**What needs to be done:** Quote these lines exactly: the one that holds "New Balance Brighton" and every line after it to the end of the material below. Skip pictures.

**Dataset extract:**

◇ ◇ ◇

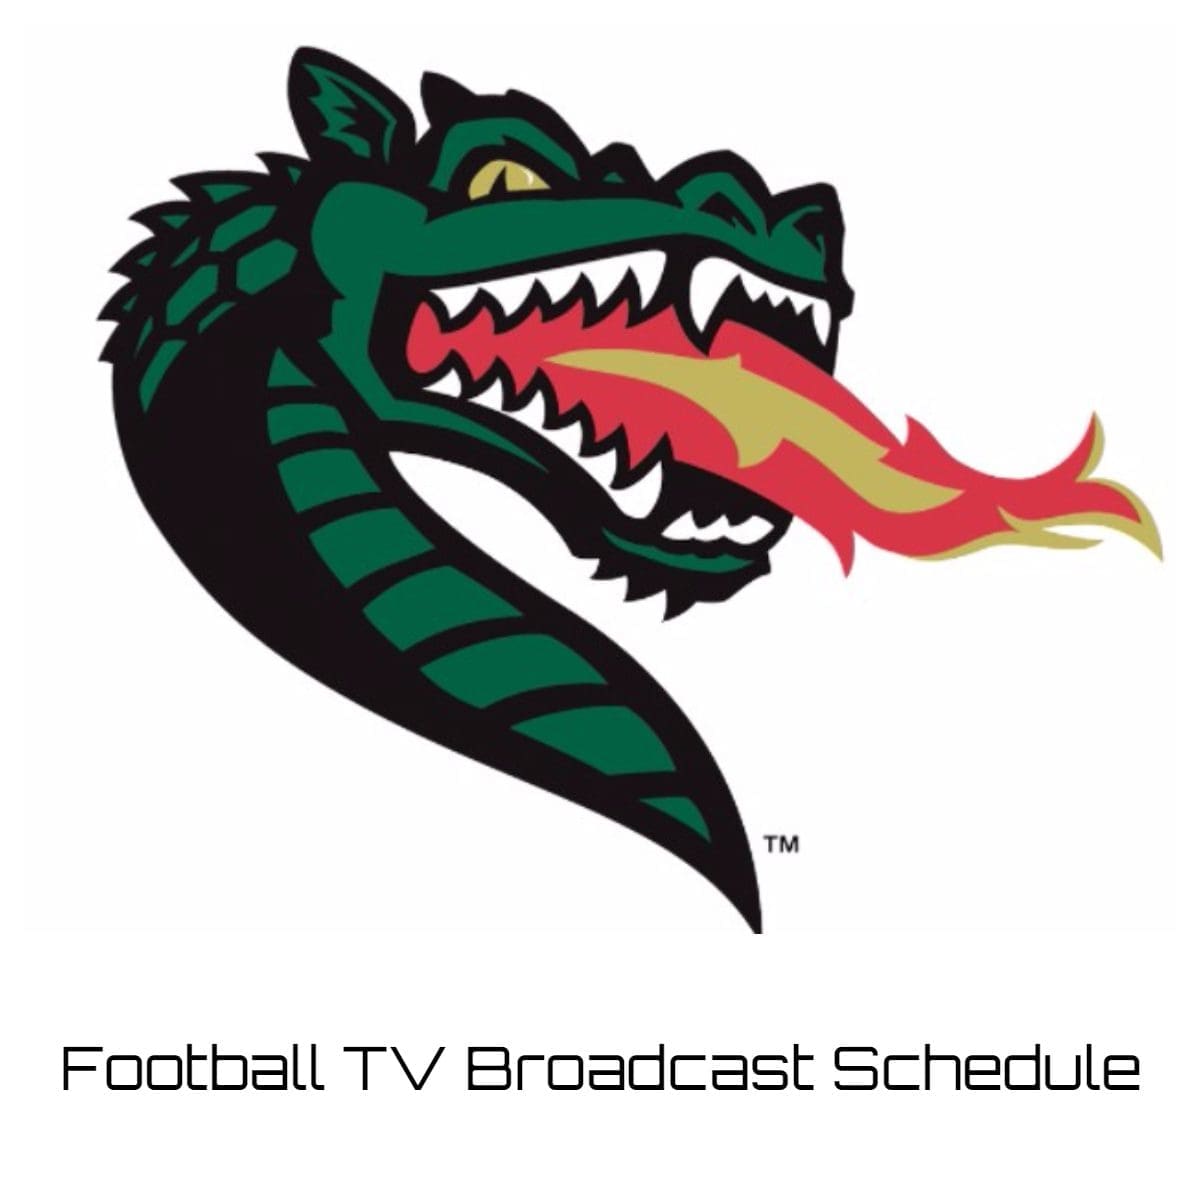 UAB Blazers Football TV Broadcast Schedule
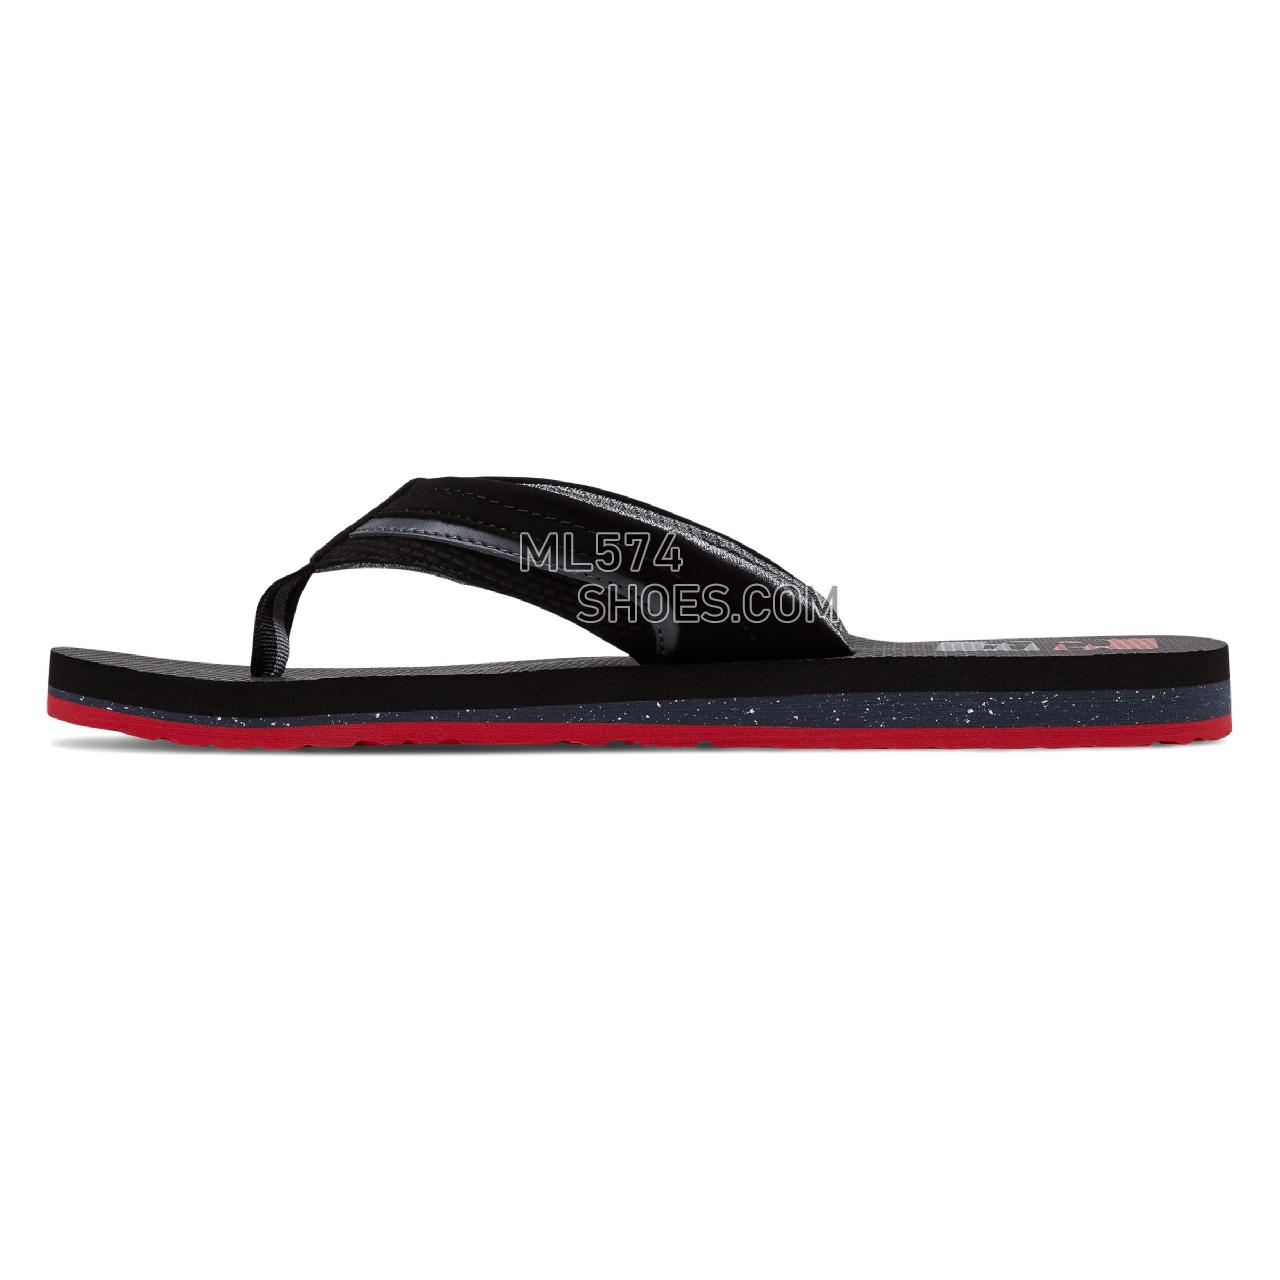 New Balance Brighton Thong - Men's 6079 - Sandals Black with Red - M6079BRD
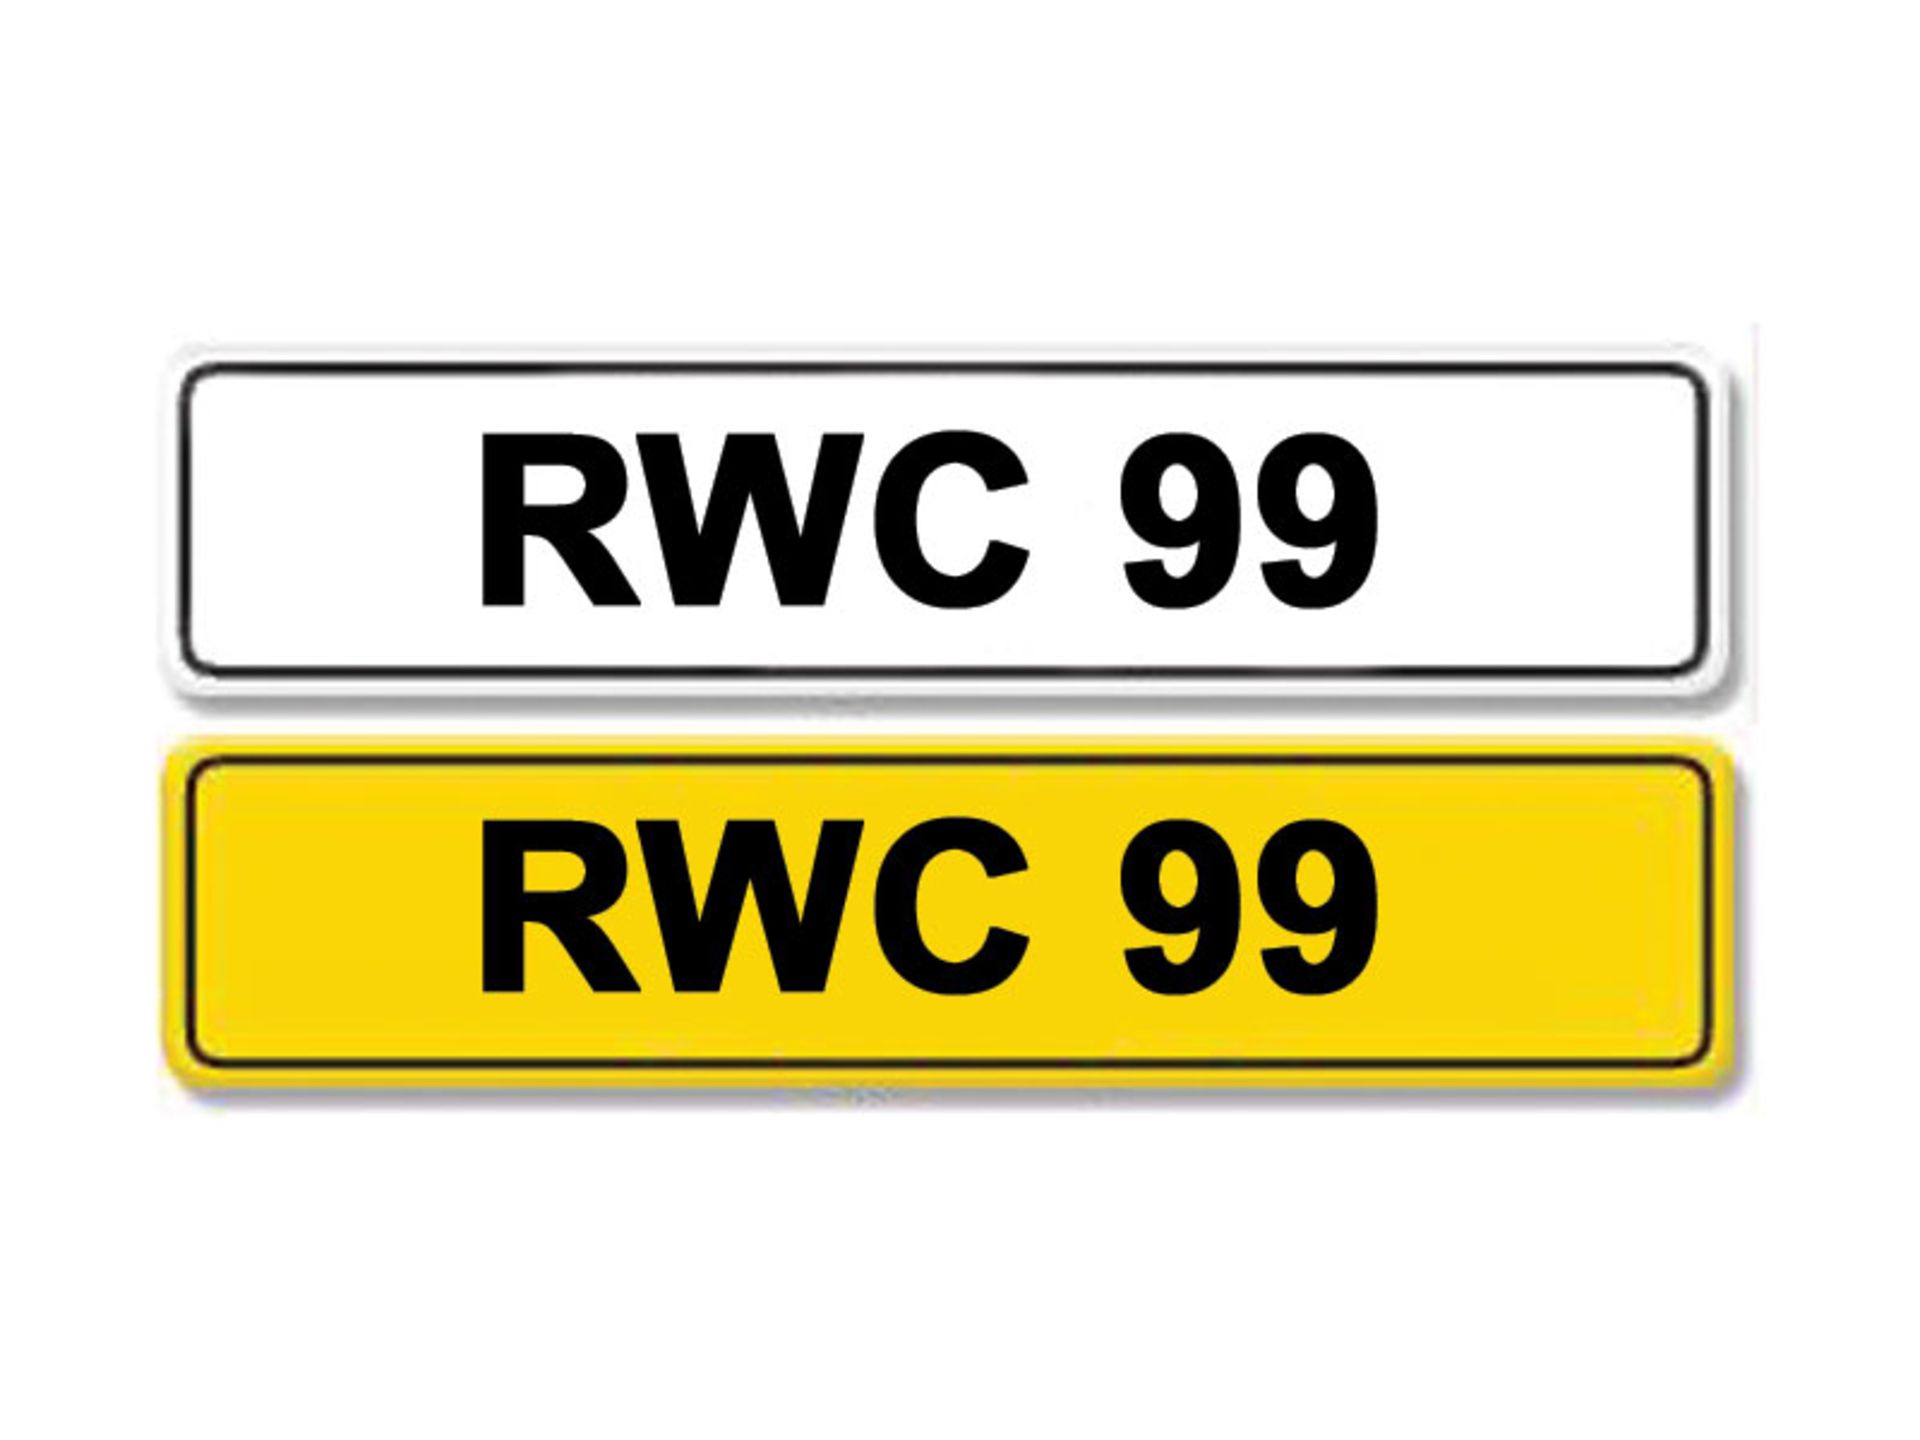 Registration Number RWC 99

◇ ◇ ◇

**Answer for this exercise:**
 New Balance Brighton Thong - Men's 6079 - Sandals Black with Red - M6079BRD
 Registration Number RWC 99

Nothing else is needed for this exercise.